4) As you do that, you are taking what seems like a simple story and making it more complicated. The truth is ALWAYS complicated. Just think about what you have learned about eye witness testimony: the ways in which multiple people can watch the same event and see very different things, depending on their angle of vision, what they are focusing on, and what they are predisposed to see.
a. The best demonstration of this, for everyone in the audience who has not gone to law school, is “the invisible gorilla experiment.” (If you don’t know it, click the link and do it now before reading further.) You have a group of six people, three in white shirts and three in black shirts. The people in white shirts are passing a basketball to one another and the people in black shirts are passing a basketball to one another, and you tell the audience that they are supposed to count how many passes the people in white shirts make and ignore the passes the people in black shirts make. And they are all moving around in a circle. After about thirty seconds, a person in a full body gorilla suits walks into the center of the circle and beats his chest and then walks out. About HALF of the people do not see it, and will tell you you are crazy when you say it happened.
b. Making simple stories more complicated, by listening carefully and questioning what you hear, is the key to taking what conflict experts call high conflict, where people are deeply dug in and see everything through the lens of a simple right/wrong or true/false binary, and opening up paths to reducing the emotional intensity of that conflict, to finding common ground again.
5) As you remind people of what unites them in addition to what divides them, you are reminding them of their common humanity.
a. As I look out on this audience, I know that you undoubtedly have different politics. But you all love and are proud of your children, grandchildren, siblings, nieces, nephews friends who will cross this stage. We have that love and pride in common, one of the defining features of our humanity.

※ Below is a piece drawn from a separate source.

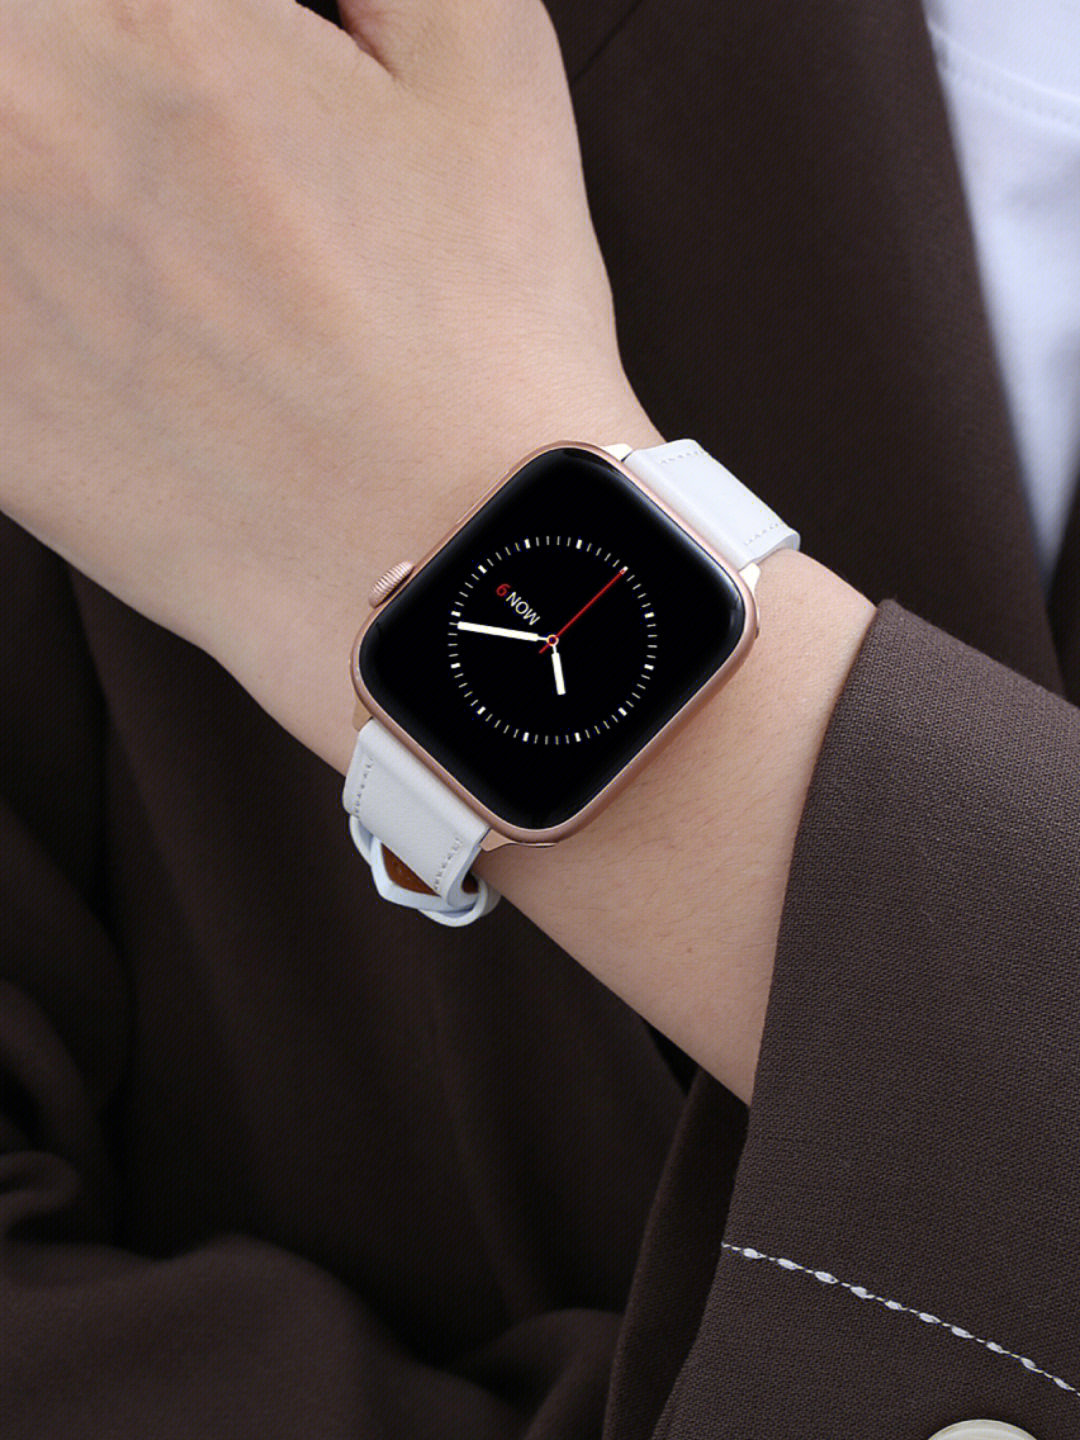 applewatch小白皮表带肉眼可见的精致感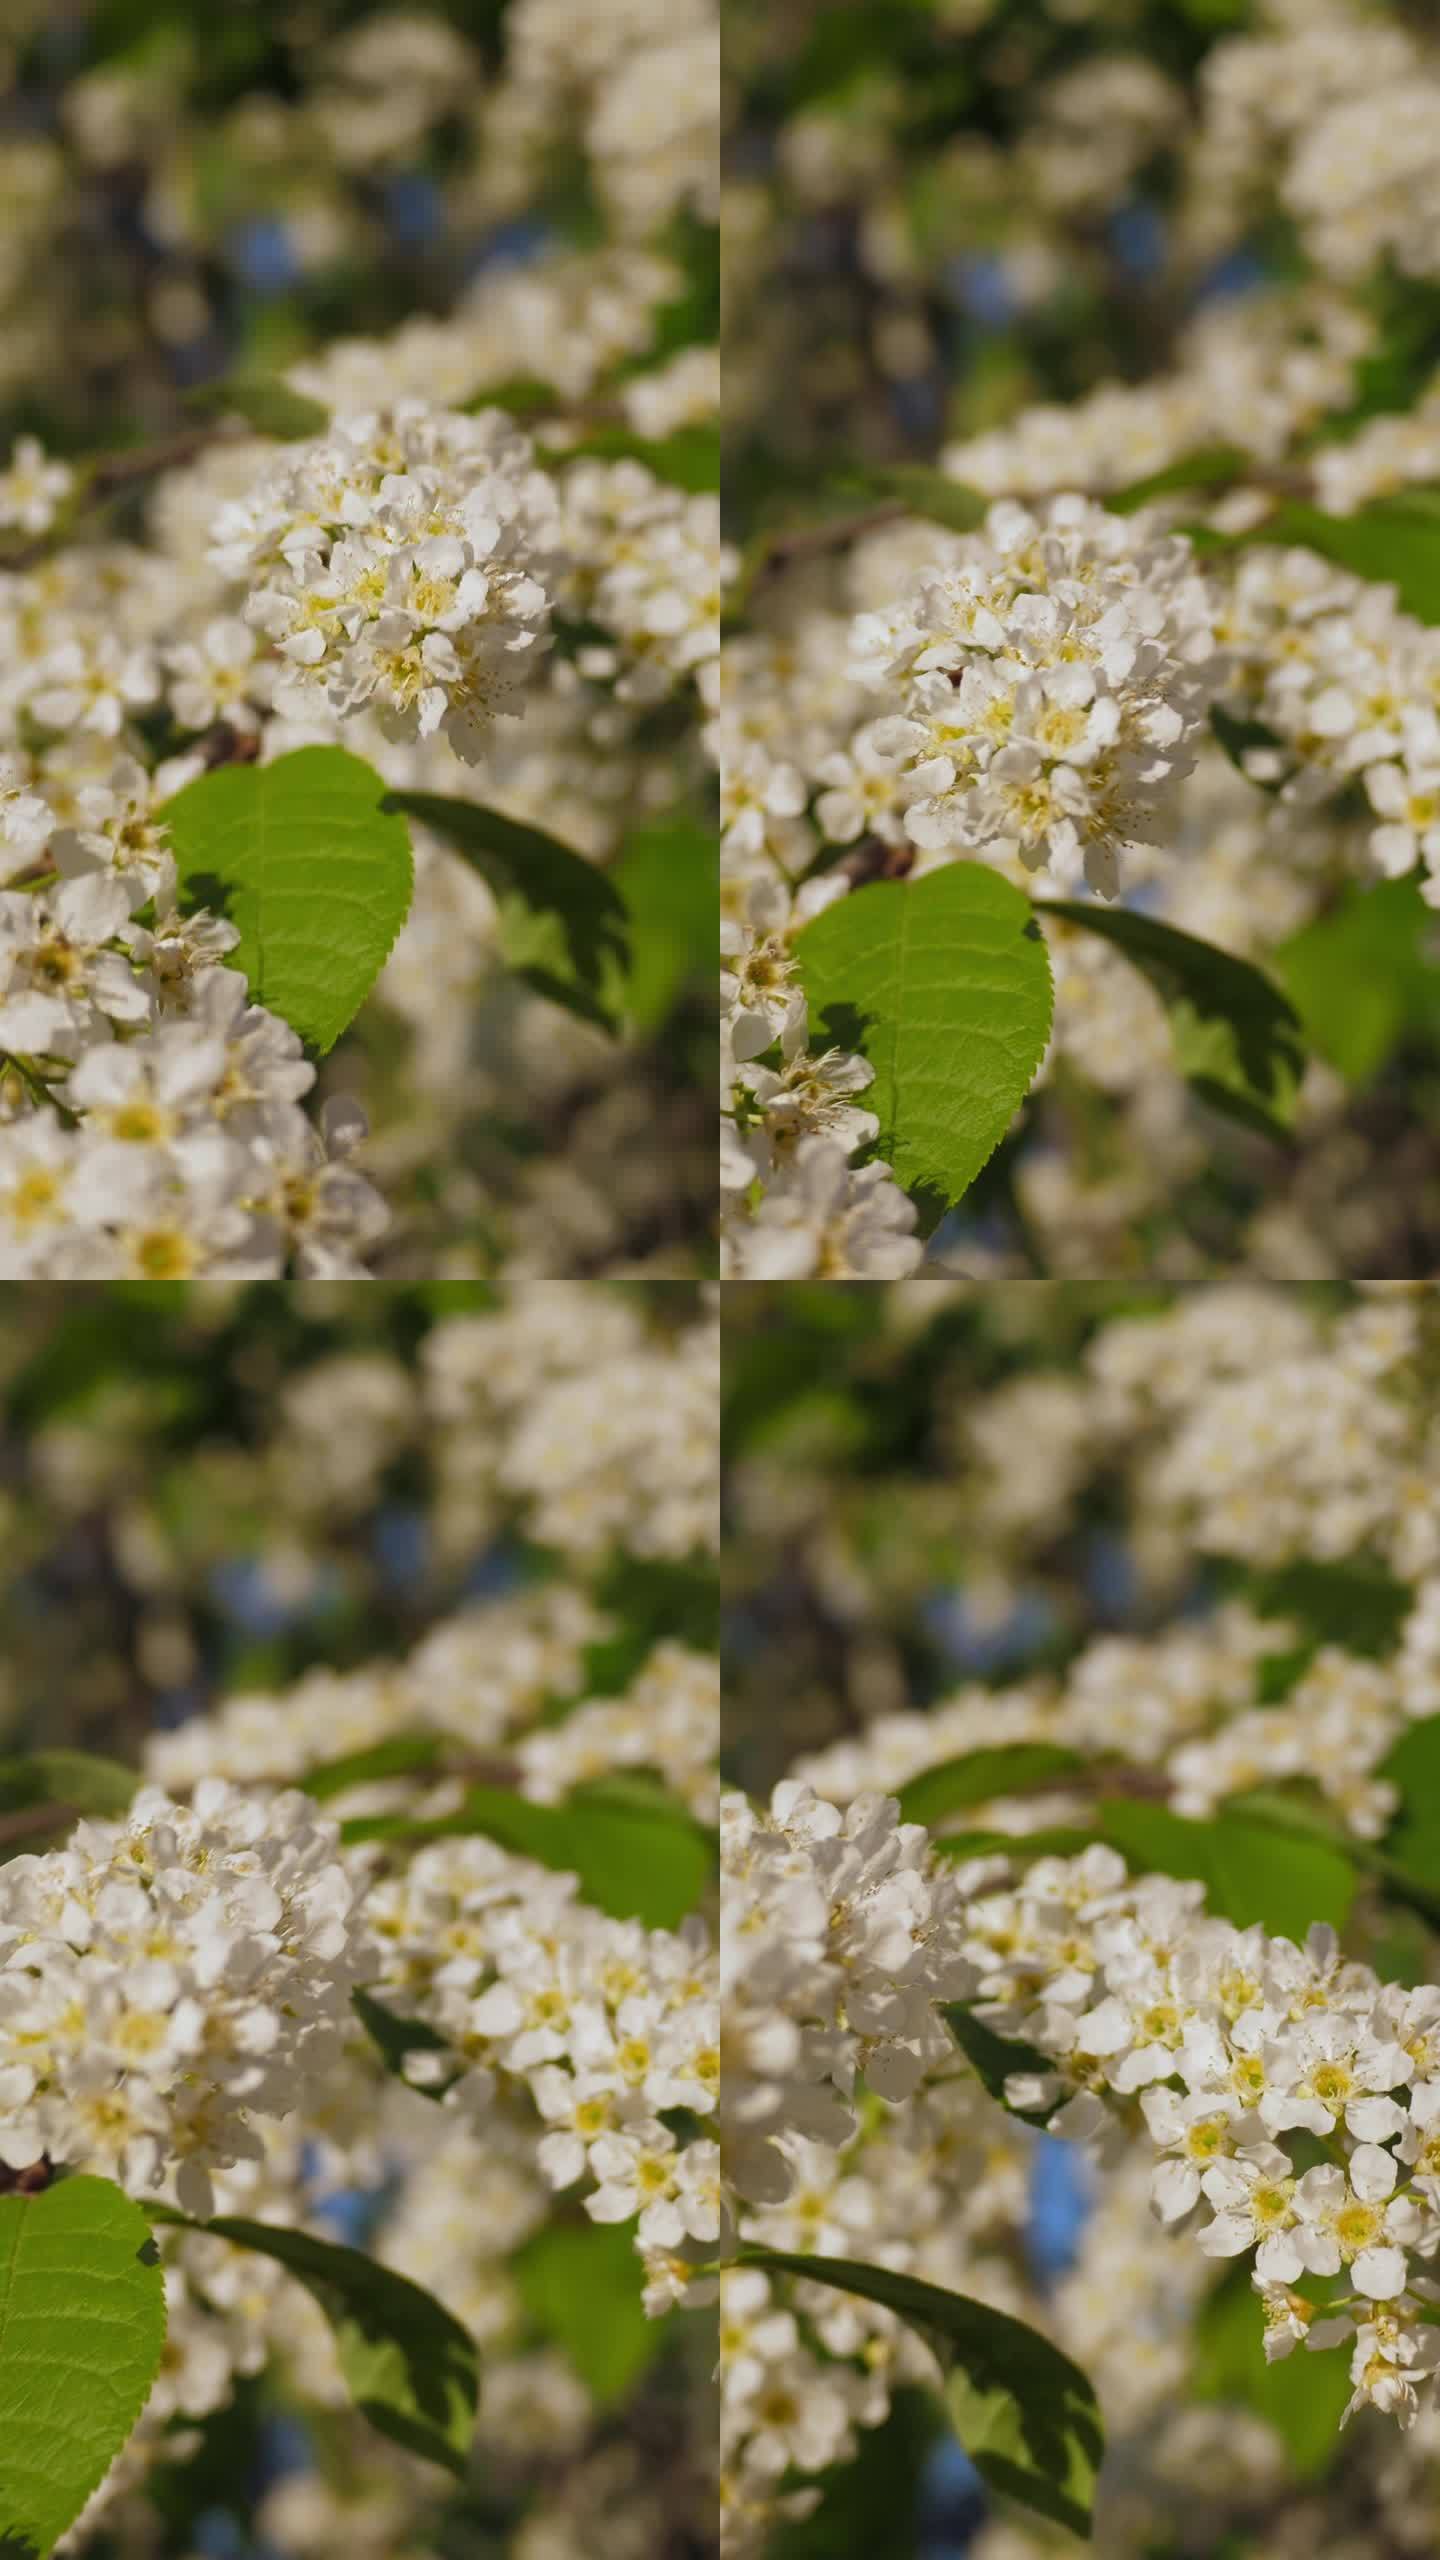 摄像机沿着开花的小鸟樱桃枝移动，垂直拍摄。

b. We have also have our human imperfection in common. I had a crisis with my organization in 2017, and when I turned to my board for advice, one of my board members told me to run toward the criticism. He said: “Imagine you are having an argument with your spouse. It is absolutely clear to you that you are 98% right — you just KNOW you are right and your spouse is wrong. But perhaps there’s a little niggling voice in the back of your head that says maybe, just maybe, she or he is 2% right. Perhaps you DID leave the dishes in the sink again or DIDN’T remember to pass one a message. My director said, “run toward that 2% and use it as the start of a learning journey.” Here at the University of Dayton, with it’s Marian tradition, I could rephrase that lesson as “we are all sinners.” We all make mistakes, and we can all learn from them. That is part of our common humanity, a part that lawyers often see in their work. You can remind yourselves, your clients, and everyone you engage with, from judges and juries to office clerks, that we are all flawed.
So go forth. Go forth as lawyers, with pride in your new profession. Go forth as problem-solvers, as active listeners, as empathizers, as complicators, as mediators. Go forth as observers of human nature who can remind us all of what we have in common. Go forth as healers!
Congratulations to the class of 2022.”